40 Informational Problems Perfectly competitive markets assume perfect information. Real-world markets often involve deception, cheating, and inaccurate information.

41 Informational Problems When there is a lack of information, buyers and sellers do not have equal information, markets may not work properly.

42 Informational Problems Economists call such market failures adverse selection problems. Adverse selection problems – problems that occur when a buyer or a seller have different amounts of information about the good for sale.

43 Policies to Deal with Informational Problems One policy alternative to deal with information market failures is to regulate the market and see that individuals provide the correct information.

44 Policies to Deal with Informational Problems Another alternative is for the government to license individuals in the market and require them to provide full information about the good being sold.

45 Policies to Deal with Informational Problems Regulatory solutions may be overly slow or costly.

46 A Market in Information A market in information is one solution to the information problem. Information is valuable, and is an economic product in its own right.

47 A Market in Information Left on their own, markets will develop to provide information that people need and are willing to pay for it.

48 A Market in Information Economists who do not like government interference point out that informational problems are not a problem of the market; it is a problem of government regulation.

49 Licensing of Doctors Licensing of doctors is a debate that is motivated by information problems. Currently all doctors practicing medicine are required to be licensed – this was not always so. Licensing of doctors is justified by informational problems.

50 Licensing of Doctors Some economists argue that licensing is as much a problem of restricting supply as it is to help the consumer.

51 Licensing of Doctors Why, if licensed medical training is so great, do we even need formal restrictions to keep other types of medicine from being practiced?
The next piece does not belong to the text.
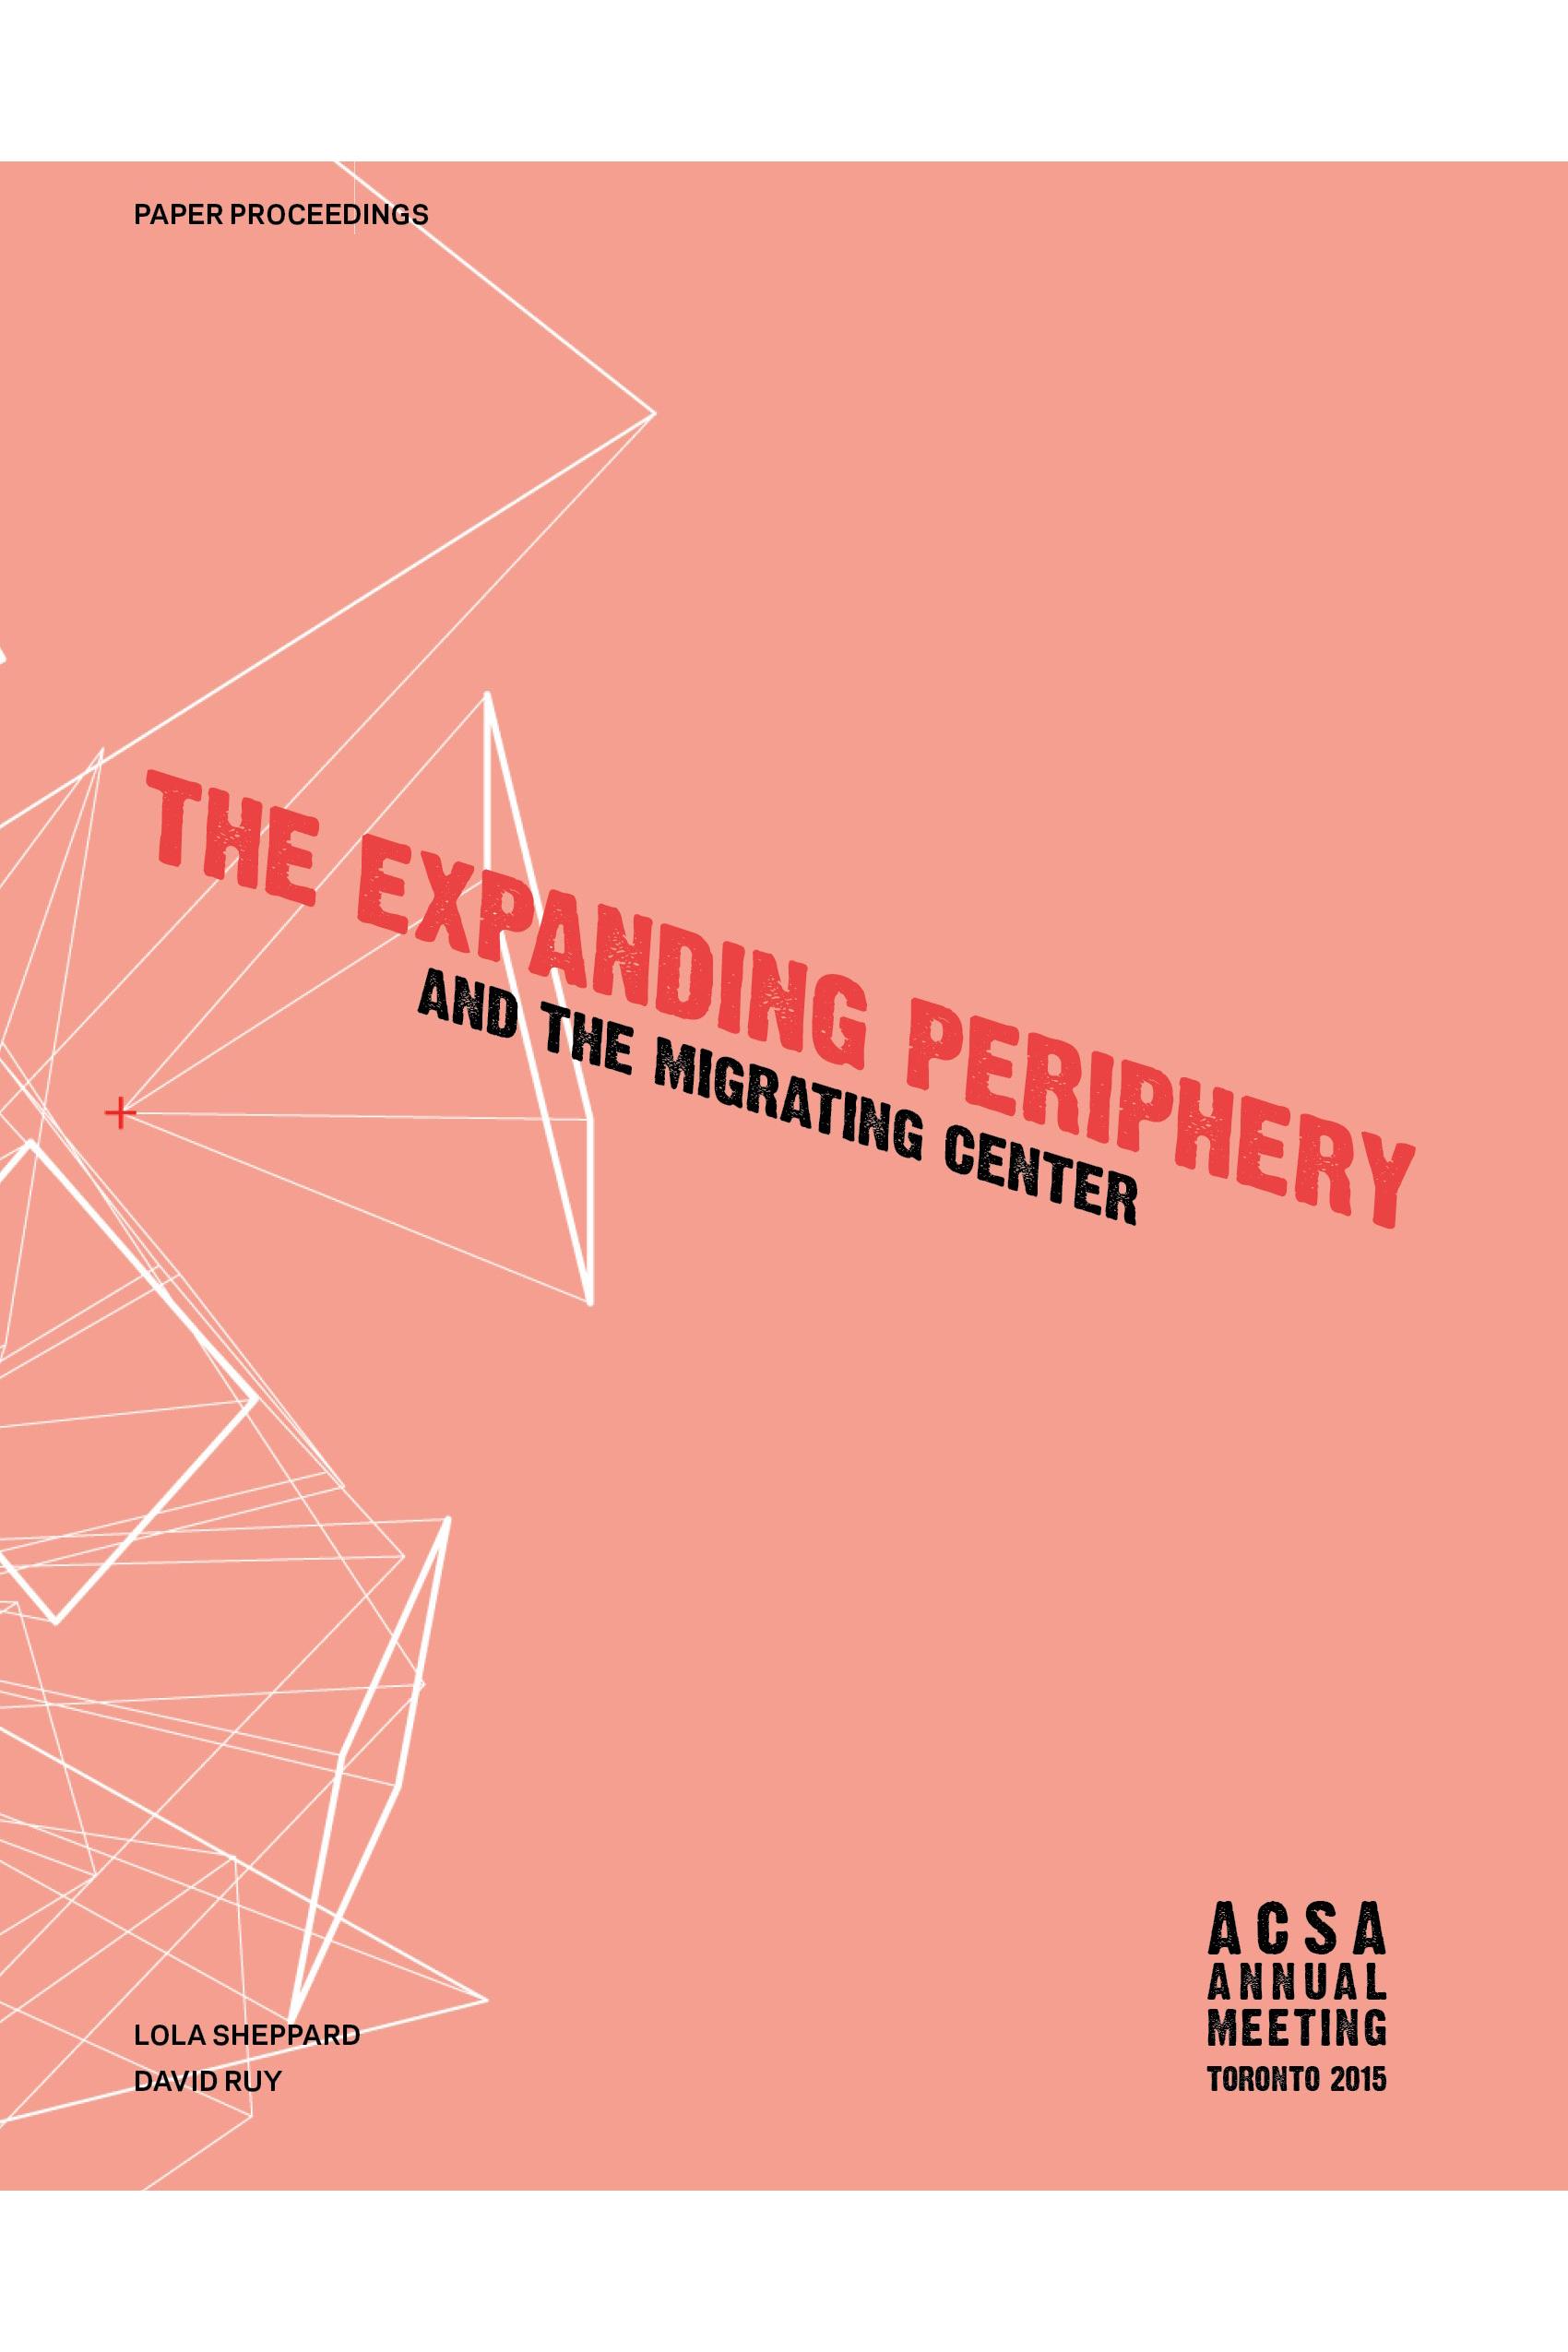 14_ACSA 103-PaperProceedings-Cover PG.png

52 Licensing of Doctors Whom do these restrictions benefit: the general public or the doctors who practice mainstream medicine? What have the long-term effects of licensure been?

53 An Informational Alternative to Licensure As an alternative, the government could provide the public with information about which treatments work and which do not. –This would give rise to consumer sovereignty – the right of the individual to make choices about what is consumed and produced.
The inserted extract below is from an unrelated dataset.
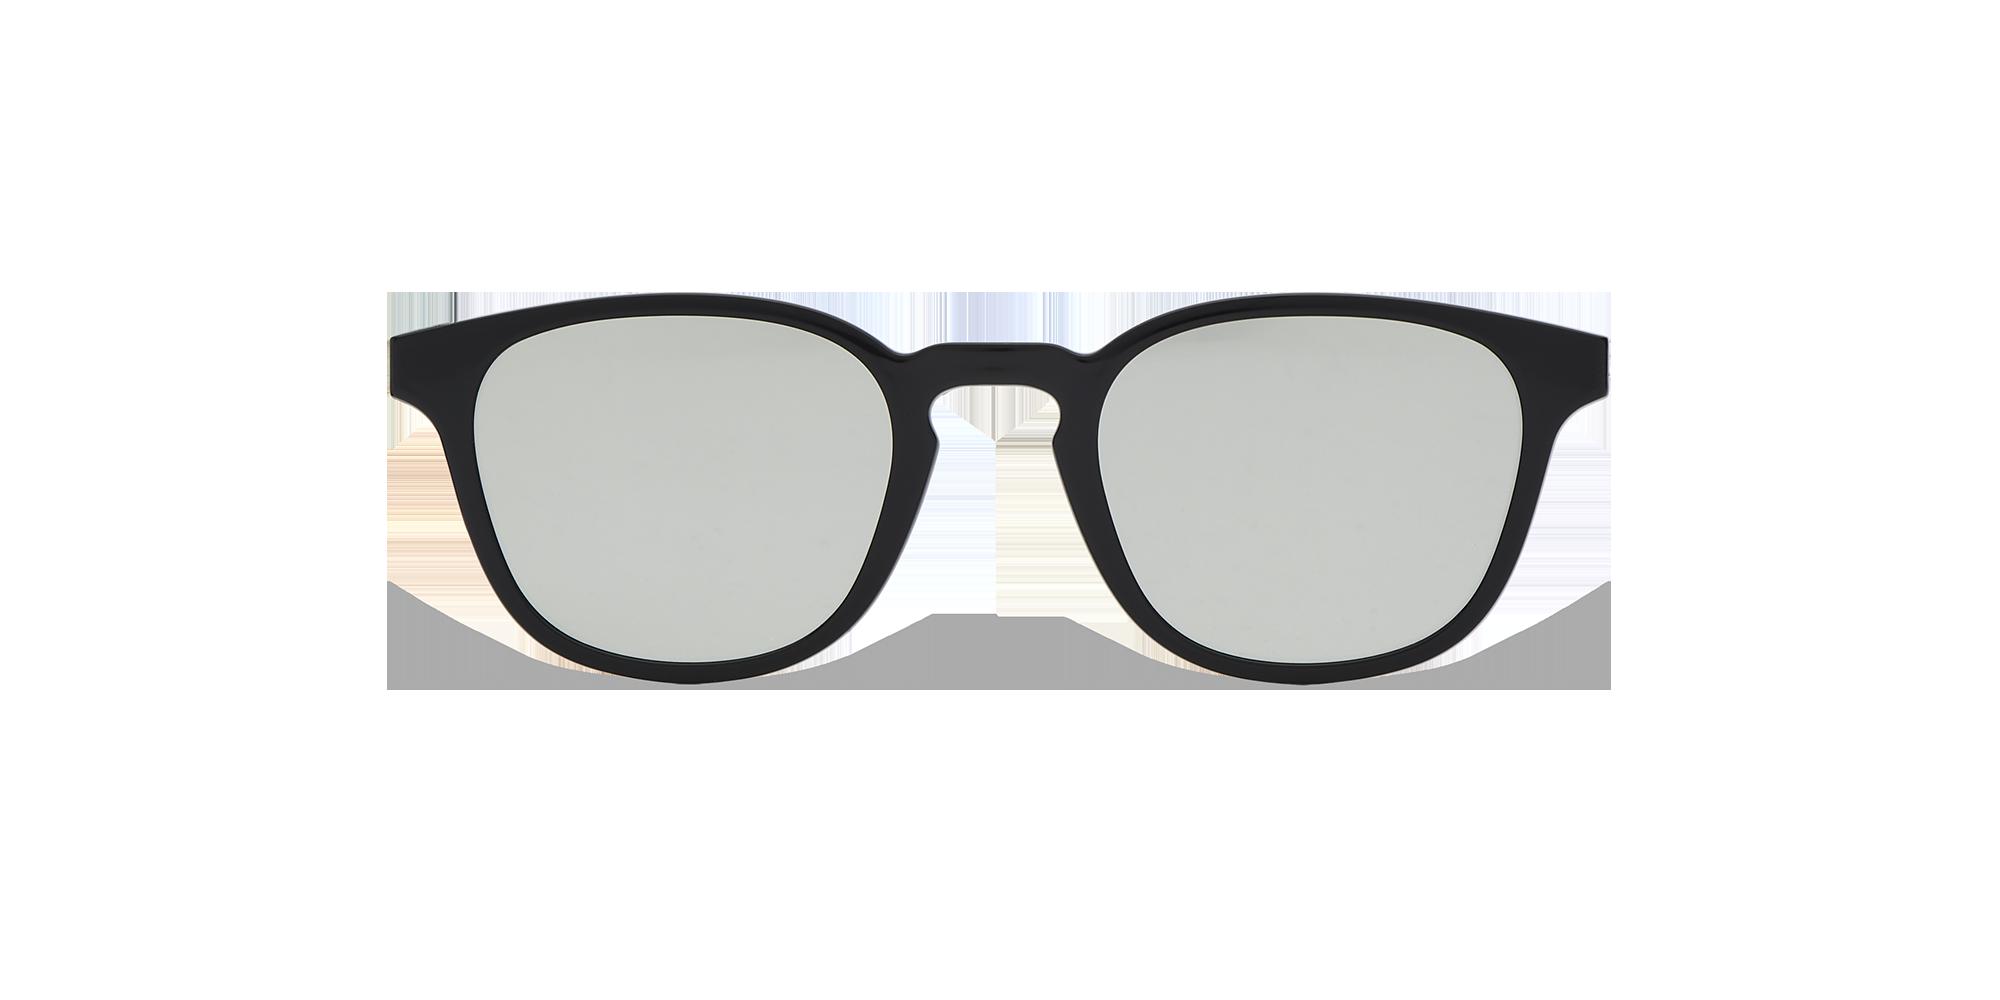 afflelou/france/products/smart_clip/clips_glasses/07630036429310_face.png

54 An Informational Alternative to Licensure In this scenario, the government would provide such information as: –Grades in college. –Grades in medical school. –Success rate for various procedures. –References. –Medical philosophy. –Charges and fees.

55 An Informational Alternative to Licensure This information alternative would provide much more useful information to the public than the present licensing procedure.

56 An Informational Alternative to Licensure Here are some words of caution about the informational alternative. –To get a true picture of whether the present system is best would require experts on real-life practices and institutions. –The problem is that the experts may have a vested interest in keeping things just the way they are.

57 Government Failures and Market Failures Market failures should not automatically call for government intervention. Why? Because governments fail too.

58 Government Failures and Market Failures Government failure occurs when the government intervention in the market to improve the market failure actually makes the situation worse.

59 Reasons for Government Failures Governments do not have an incentive to correct the problem. Governments do not have the information to deal with the problem. Intervention in the markets is almost always more complicated than it initially looks.

60 Reasons for Government Failures Government intervention does not allow fine-tuning, and so, when the problems change, the government solution often responds far more slowly. Government intervention leads to more government intervention.